For more than 50 years, Menashe lived in a small three-room railroad flat on the fifth floor of a Thompson Street walk-up with a bathtub in the kitchen.
“When we’d run into him in the street he’d often recite a poem — they were all short,” recalled Julie Salamon, a neighbor, who with her husband, Bill Abrams, had been friends of Samuel Menashe for 35 years.
Salamon recalled Menashe’s elegant diction and resonant voice, which he displayed occasionally at readings in local libraries, the most recent in March 2010 at the Mulberry Street Library.
“He read a passage from one of his stories about living in Spain after military service in World War II,” Salamon said. “He was a fascinating man, and we were very lucky to know him.”
His first poem was published in the Yale Review in 1956, the year he moved into his Thompson Streetapartment.
His poems also appeared in magazines, including The New Yorker and Partisan Review, a literary journal that published from 1934 to 2003. But he was relatively unknown until British poets promoted his work in the Penguin Modern Poets series and his book “The Many Named Beloved” was published in Britain in 1961.
Recognition in the U.S. came in 2004 when the Poetry Foundation gave him its first Neglected Masters Award, with $50,000, and printed a collection of his work.
Samuel Menashe Weisberg was born in Brooklyn and raised in Queens, where his father ran a laundry and dry-cleaning business. He graduated from Townsend Harris High School at 16, and enrolled in Queens College to study biochemistry. But he enlisted in the Army at age 18 in 1943. As an infantryman, he fought and slogged through France, Belgium and Germany.
In a 2003 article that Salamon wrote for The New York Times about Menashe, he recalled a day during the Battle of the Bulge when his company started the morning with 190 men and was left with only 29 by evening. The rest were dead, wounded or taken prisoner.
Menashe was 20 when the war ended. He returned to Queens College, but left without a degree and went to Europe, where he earned a degree from the Sorbonne in 1950. He started writing stories based on his Army experiences and his childhood.
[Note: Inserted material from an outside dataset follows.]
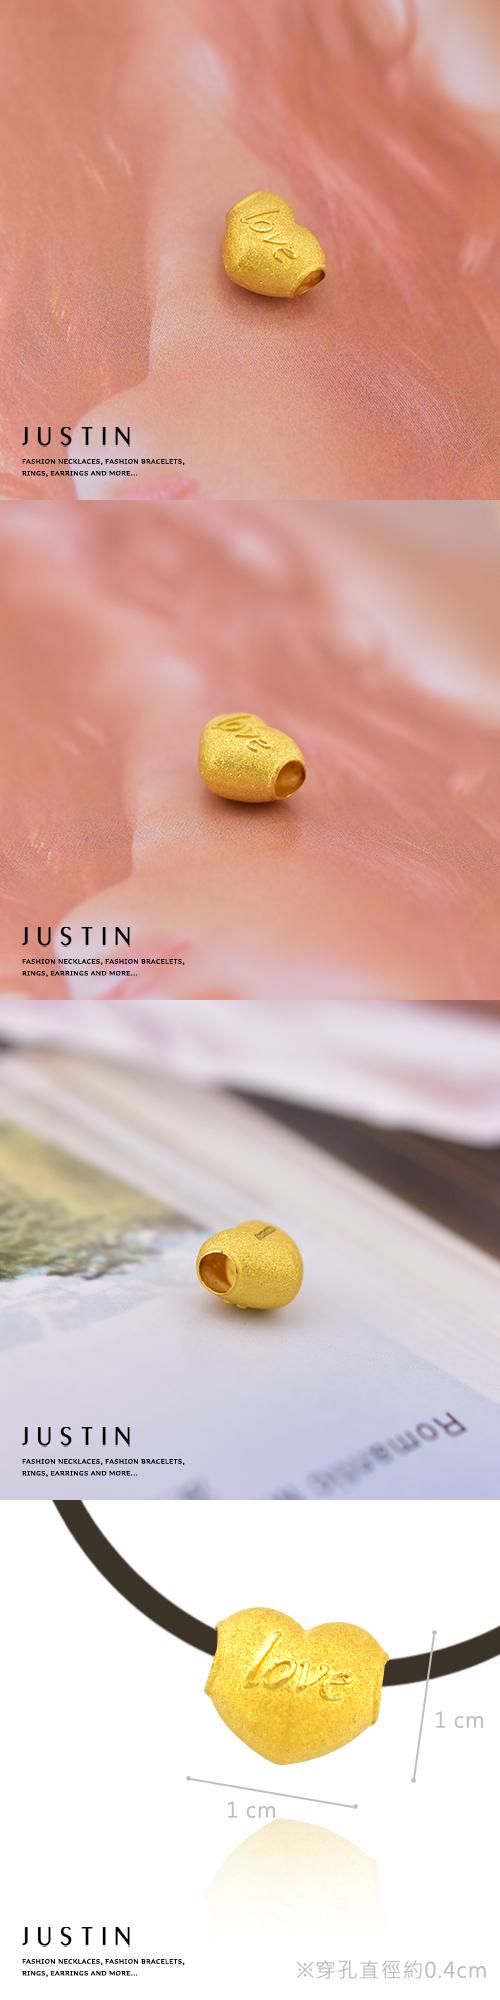 金緻品,金製品,黃金價格,金飾,金飾價格,黃金飾品,金飾店,純金,金飾品牌,黃金投資,情人節,愛情,黃金墜子,愛心,鑽砂,愛的宣言,情人送禮,送禮

But, he recalled, “One night I woke up in the middle of the night and a poem started,” as he told a National Public Radio interviewer in 2006.
Salamon’s New York Times article notes that Menashe took the C train to Central Park almost every day where he often “walked a poem to completion even before I write it down.”
He taught occasionally at Bard and C.W. Post colleges, but earned his living in various pickup jobs as a waiter, tour bus guide, French tutor and lecturer on cruise ships, according to Salamon’s article.
Her article included a poem, “At a standstill,” that Menashe wrote about the bathtub in his kitchen:
“That statue, that cast/Of my solitude/Has found its niche/In this kitchen/ Where I do not eat/ Where the bathtub stands/Upon cat feet — /I did not advance/I cannot retreat”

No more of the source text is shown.